# York Region Elementary Schools



## Mrs Cato (Aug 4, 2010)

Hello,

I am a newbie to the posting thing so sorry if this is in the wrong place!

I am moving to Canada from the UK in December and looking at public schools for my 5 and 7 yr olds. We are looking at Stouffville, Newmarket or Brooklyn. I have spent many early hours on the internet and feel I am getting nowhere! Does anyone have any handy hints for choosing a school? Any advice appreciated!

Thank you


----------



## MarylandNed (May 11, 2010)

Mrs Cato said:


> Hello,
> 
> I am a newbie to the posting thing so sorry if this is in the wrong place!
> 
> ...


I assume by "public school" that you mean the government run schools. The reason it's important to clarify is because the term "public school" is used in the UK to denote an independent school NOT run by the goverment (or local government agency). So "public school" in the UK can actually mean "private school"!

Assuming you really mean government run schools, the first thing you need to determine is whether it's even possible to choose a public school in the area where you'll be living. Policies can differ from province to province and even from one school board to the next within the same province. It could be that your public school is simply determined by your street address. In this case, you "choose" your public school by choosing where you live.

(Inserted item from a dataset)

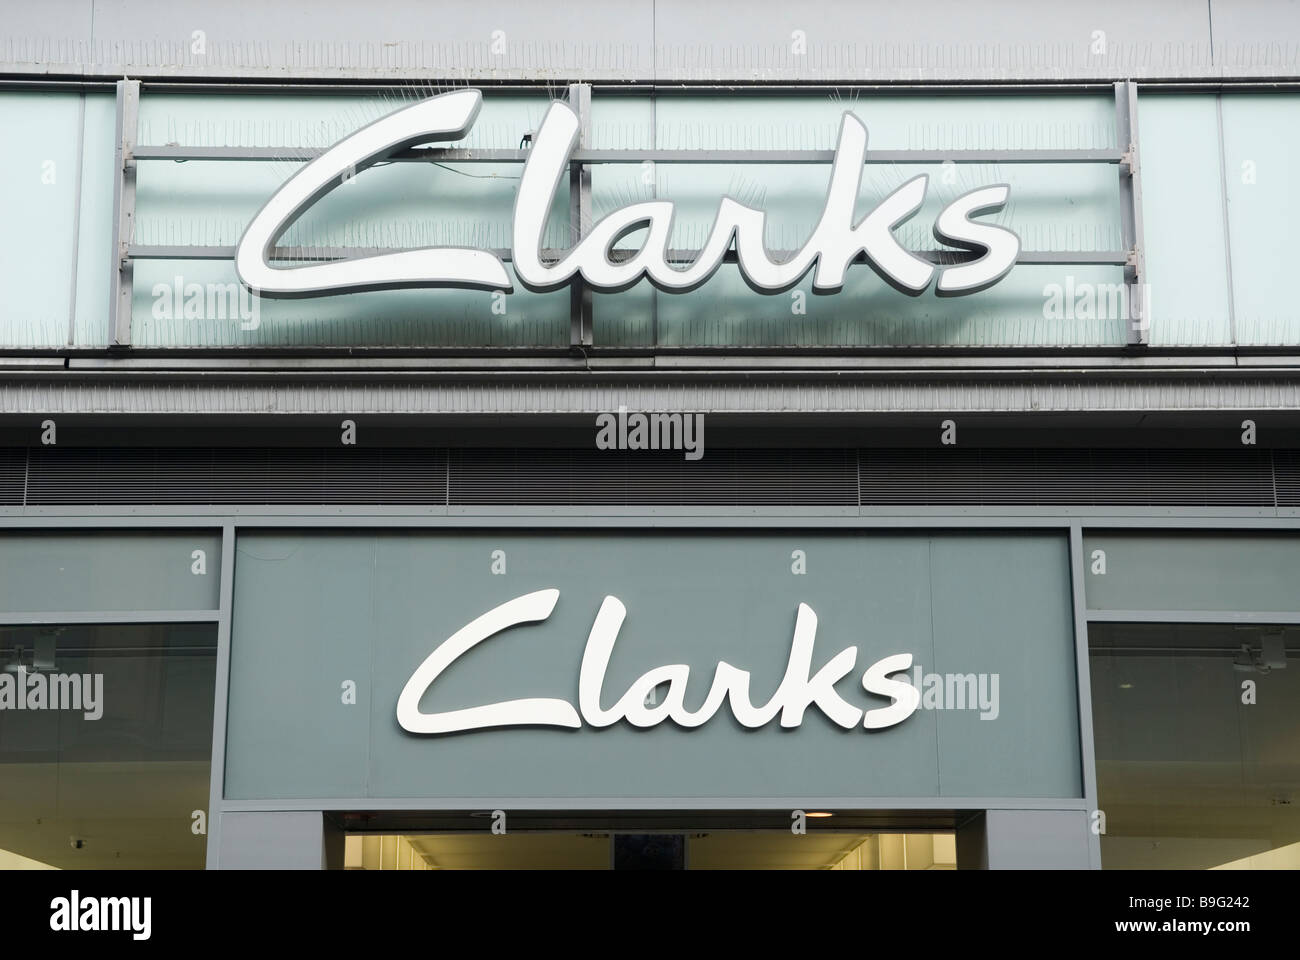 Clarks Shoes store se connecter sur Market street dans le centre-ville de Manchester UK Banque D'Images

I found the York Region District School Board (YRDSB) web site. 

YRDSB - Schools

This page contains boundary maps for elementary schools - which seems to imply that your public school is indeed determined by where you live. However, you can contact the YRDSB to make sure. They should be able to provide information on the performance of their schools.

One other thing to consider - your child's experience at school will depend greatly on the individual teachers. I live in the US and our local elementary school was great for my two oldest children but has been less than great for my younger two. The only difference was that my younger two children had different teachers and a different principal.


----------



## EVHB (Feb 11, 2008)

You can take a look here: Ontario | School performance | Fraser Institute


----------



## davidbw (Aug 31, 2010)

*Newmarket schools*



Mrs Cato said:


> Hello,
> 
> I am a newbie to the posting thing so sorry if this is in the wrong place!
> 
> ...


Hard choice. My brother in law and family live in Newmarket and his kids (3 daughters) all went to Bogart Public school. They had a great time. The schools in this area (I live in Markham, south of Newmarket, but in York Region) are successful if the parent community is involved. You can use the various surveys of the schools (from the Fraser Institute, or the EQAO numbers), but it comes down to the community.

York Region is one of the geographically largest school boards in the province and the schools do vary in their population profiles from north to south and eas to west.

As another poster mentioned some of the schools do have caps on registration - not so much in the elementary level (K-8), but in high school they will. Just call the schools (their #'s will be on the school board web site). 

Good luck - it's a hard choice.

Cheers


----------



## oddball (Aug 1, 2007)

Education in Canada is rated number 4 in the world , you will not have to worry in that area , however , it would be advantagious to your children for you to be in a local parenting group , to attend all teacher interviews and take the time to make an interview with the vice principal if or whenever a school problem arises for your child , they do care .


----------



## Mrs Cato (Aug 4, 2010)

*Thank you!*

Thank you everyone! Much food for thought. The Fraser site seems a useful one. I am all about community and working with school as I currently volunteer in reception class and am secretary of the Parent, Friends and Teachers association. It would be great if I could do similar over there too. My children have gone back to school today so I have more time to study the whole location thing :ranger:

Thank you everyone for your input. 

Mrs Cato


----------